The disparity that exists in these responses has baffled scientists and oncologists for decades. Much of the research in this area has focused on the genetic factors that determine a patient's response to treatment, and research has certainly shown different genetic factors do play a role in their development. However, they don't account for all the differences, thus other determinants of treatment response must exist.
BUT, a recent review published in Nature suggests that the gut microbiome might be the culprit for determining an individual's response to treatment.
One of the best ways to investigate the gut microbiome is using mice that lack any bacteria at all. These "germ-free" mice are bred in completely sterile conditions, and have no bacteria anywhere in their body. Research has shown that chemotherapy is less effective in these mice, compared to normal mice, and their tumours therefore grow much more quickly.
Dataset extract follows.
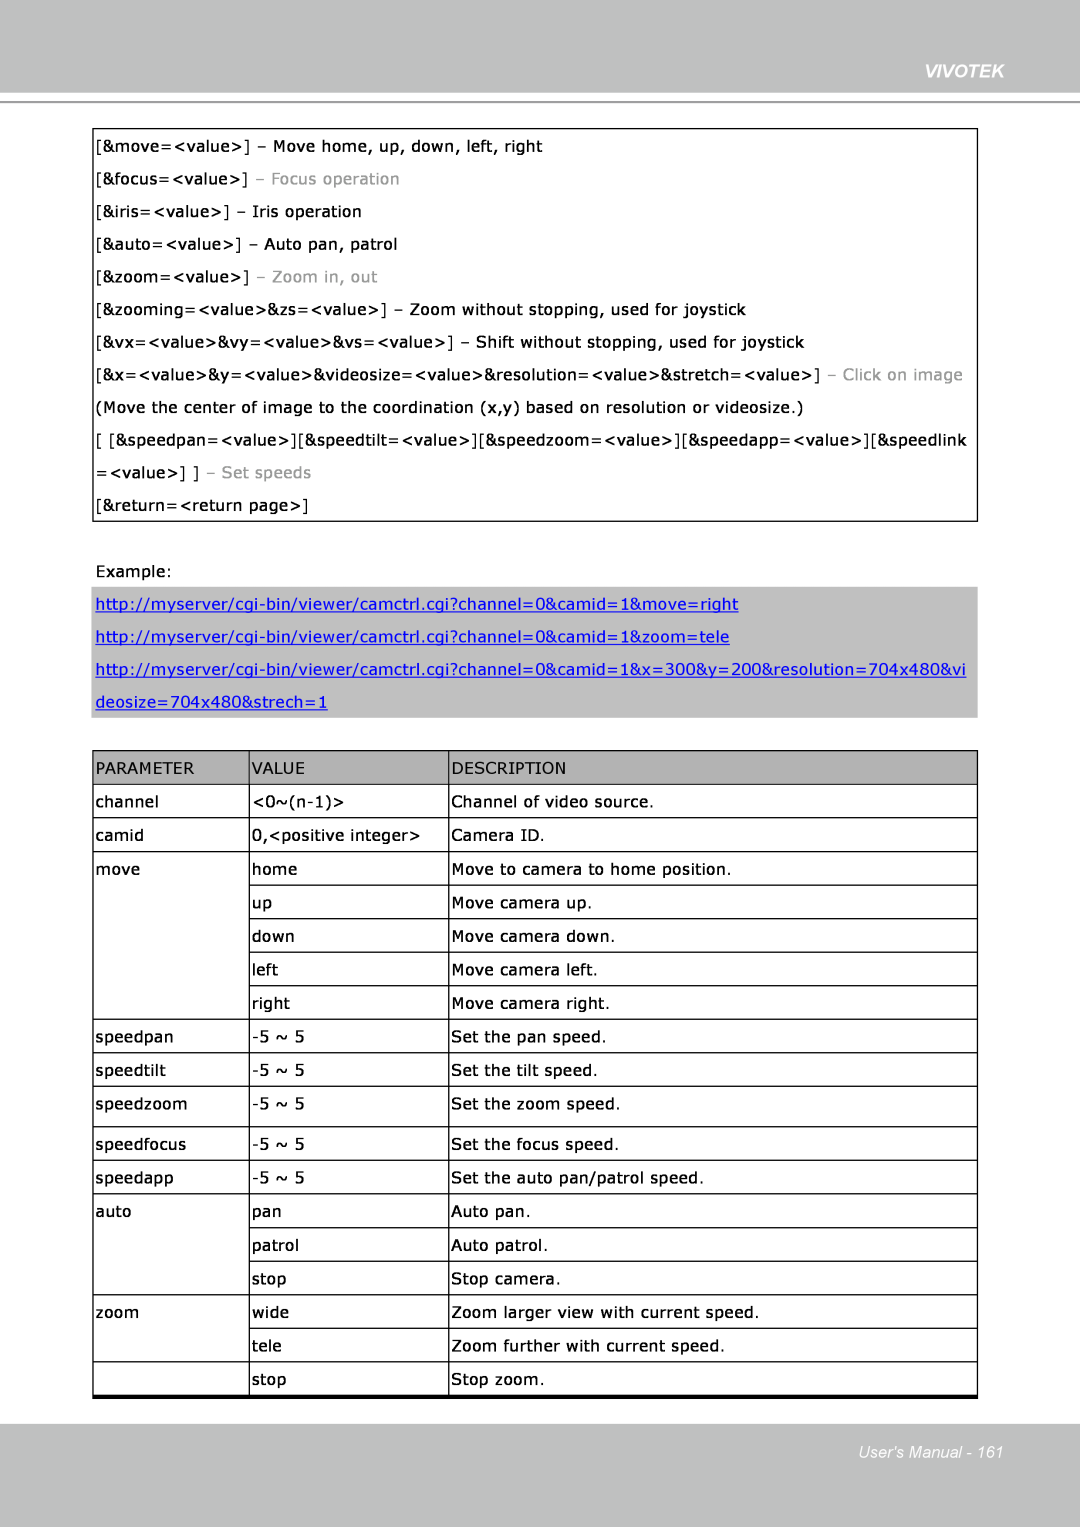 Vivotek IP8151 manual Vivotek, return=<return page>, Users Manual

This is because many chemotherapy agents rely on particular bacteria to convert them into their active forms, and without them much of the chemotherapy drug remain in their inactive state. However, we also know that this response is also due to these germ-free mice having different immune responses, which are unable to kill tumour cells in a process called inflammation. In this study, these germ-free mice had much lower levels of pro-inflammatory cytokines in their tumours compared to normal mice.
Once again, by supplementing these mice with the poo from healthy mice, their response to chemotherapy is greatly improved and reflects that of the normal mice.
The importance of the immune system in chemotherapy efficacy has also been shown in mice that are genetically modified. Research has shown that when an immune receptor (called TLR4) is genetically deleted, mice respond poorly to chemotherapy and their tumours grow much faster than normal. TLR4 is an immune receptor that is found in the gut. It acts as the interface between the gut bacteria and the immune system, hence when it is deleted the gut microbiome cannot communicate with the immune system.
Interestingly, these mice have also been used to investigate the side effects of chemotherapy, showing less severe diarrhoea compared to normal mice. Diarrhoea remains a significant side effect of chemotherapy. It is acutely life threatening as it starves patients of vital nutrients and makes them susceptible to infection and death.
Like cancer development and treatment, diarrhoea is associated with changes in the gut microbiome, but we now think that the levels of bacteria found in a person's gut before they start chemotherapy might be important in how they respond. We have shown that mice with high levels of Proteobacteria (before chemotherapy), had much worse diarrhoea compared to mice with low levels of these bacteria.
This research supports growing evidence in human trials showing that the levels of gut bacteria in the poo of patients before they start cancer treatment predicts their likelihood of developing diarrhoea.
So what does this mean for the treatment of cancer?
This exciting new research suggests that modifying the microbiome might be a powerful to optimise cancer treatment outcomes. This could be in the form of poo transfer, probiotics or even something as simple as changing someone’s diet.
And the ability to understand someone’s risk, and modify it before chemotherapy starts, can ensure the perfect balance between chemotherapy response and toxicity is achieved.
Work is currently being performed in Adelaide to identify the specific bacteria that are critical in determining chemotherapy response. Once this has been achieved, methods of mitigating risk can be evaluated and translated to patients.